What you will do:
Give back an exact copy of the lines in the records below, from the line that has "and side slit" through the line that has "100% Cat B*tch", and nothing besides.
── Extracted entries
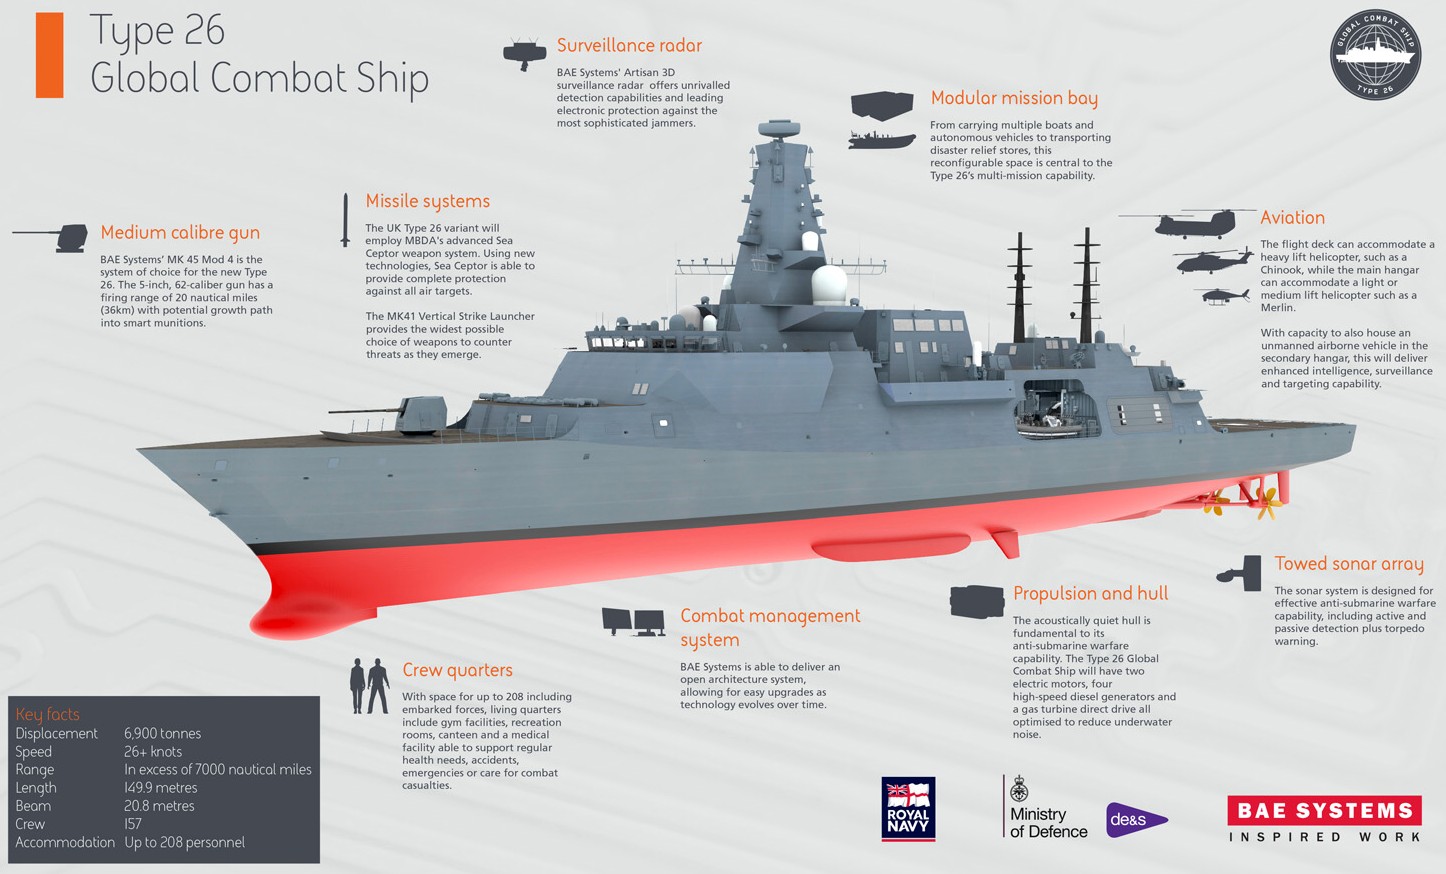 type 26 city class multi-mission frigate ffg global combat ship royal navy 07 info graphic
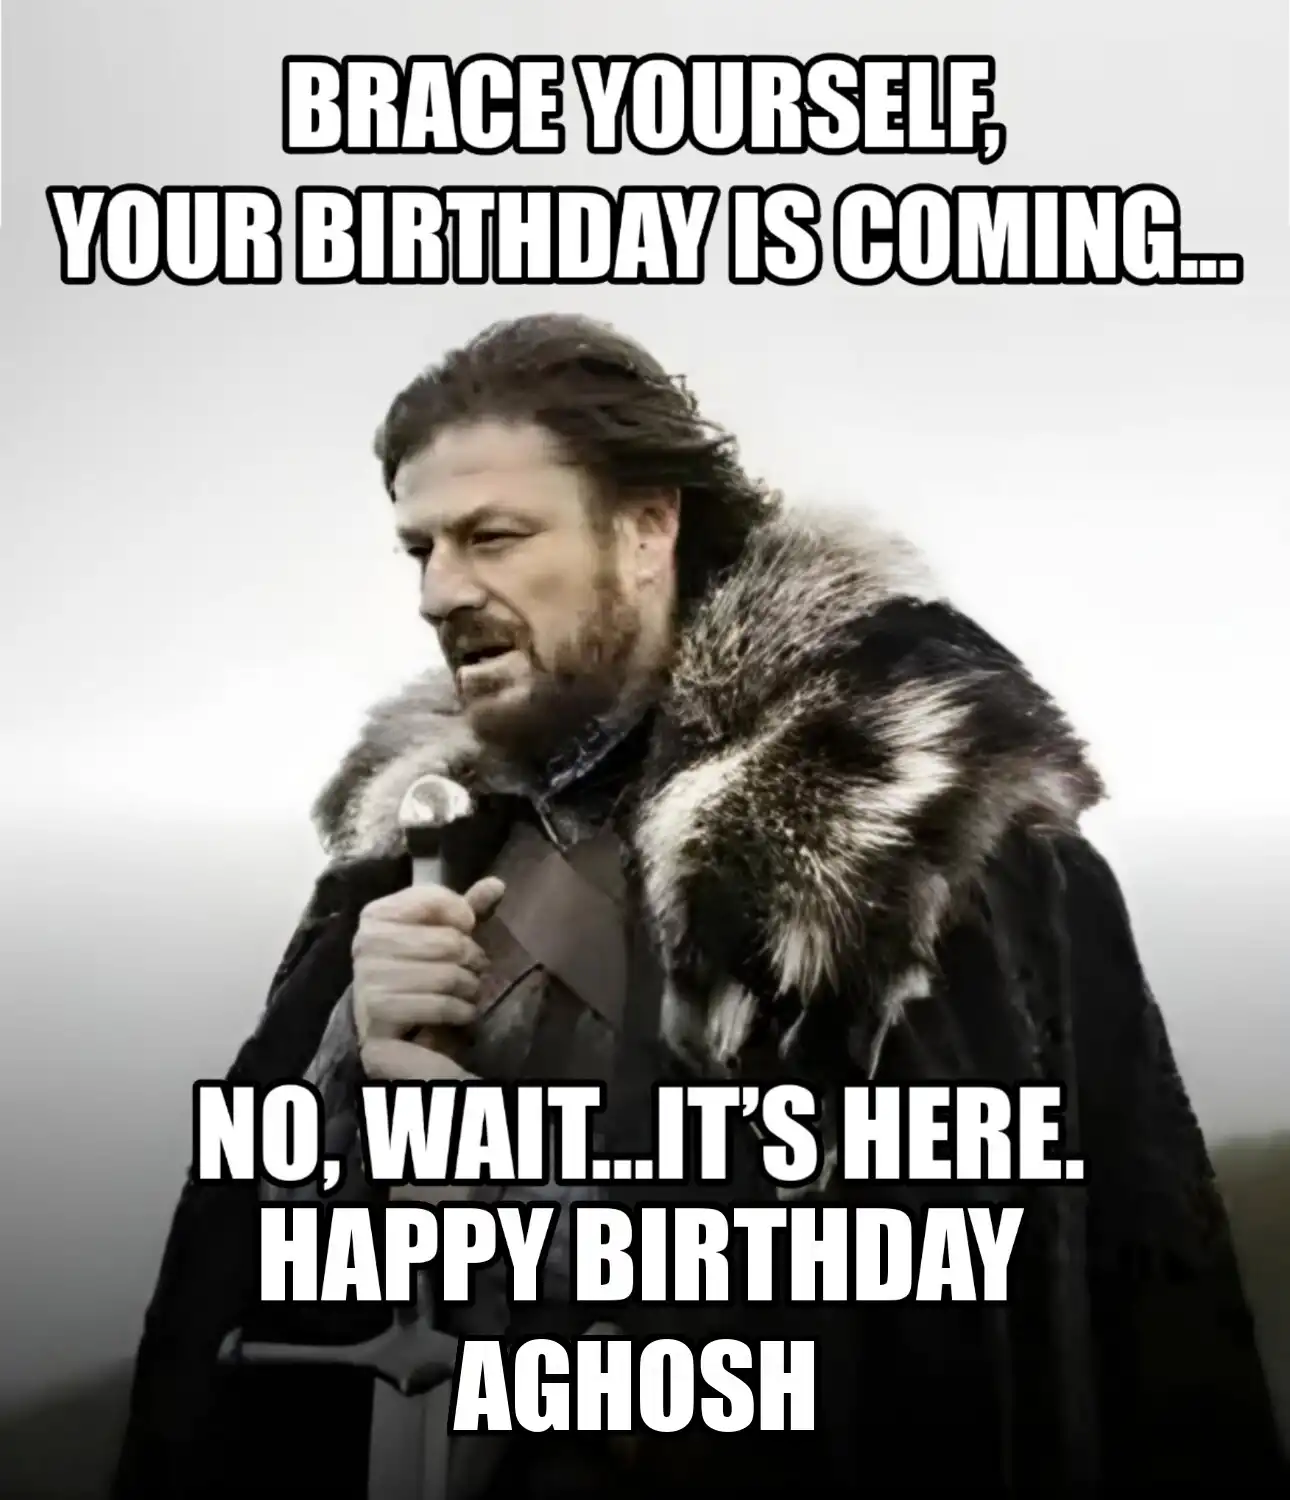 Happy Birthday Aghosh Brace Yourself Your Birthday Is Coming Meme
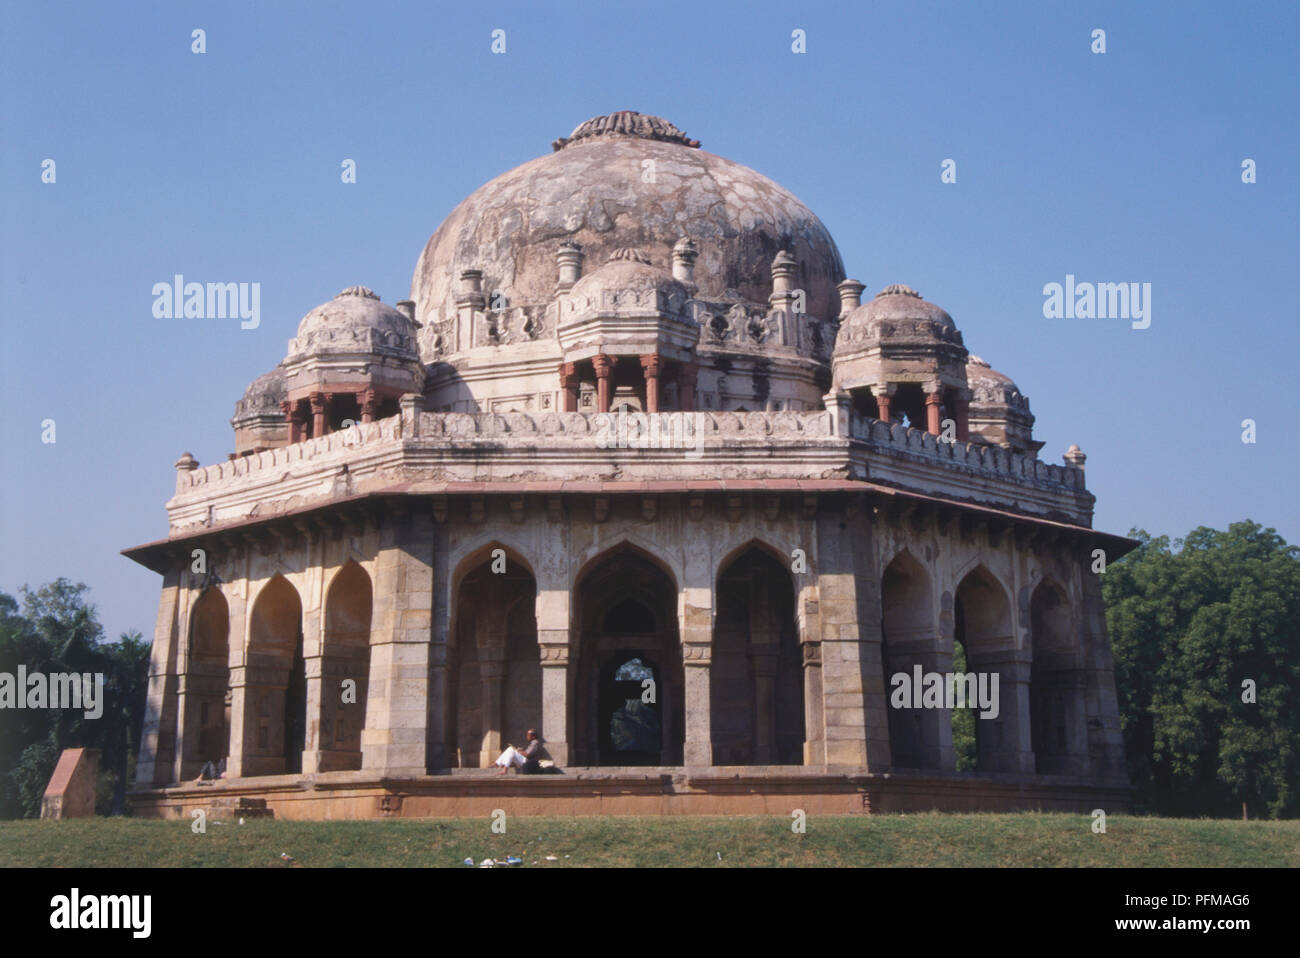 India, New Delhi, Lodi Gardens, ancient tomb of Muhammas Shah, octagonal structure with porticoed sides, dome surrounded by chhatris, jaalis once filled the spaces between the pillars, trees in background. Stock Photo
────
── Extracted entries
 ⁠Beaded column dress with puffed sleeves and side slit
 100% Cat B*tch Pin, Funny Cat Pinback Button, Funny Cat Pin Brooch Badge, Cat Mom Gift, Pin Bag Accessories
────
Task answer:
 ⁠Beaded column dress with puffed sleeves and side slit
 100% Cat B*tch Pin, Funny Cat Pinback Button, Funny Cat Pin Brooch Badge, Cat Mom Gift, Pin Bag Accessories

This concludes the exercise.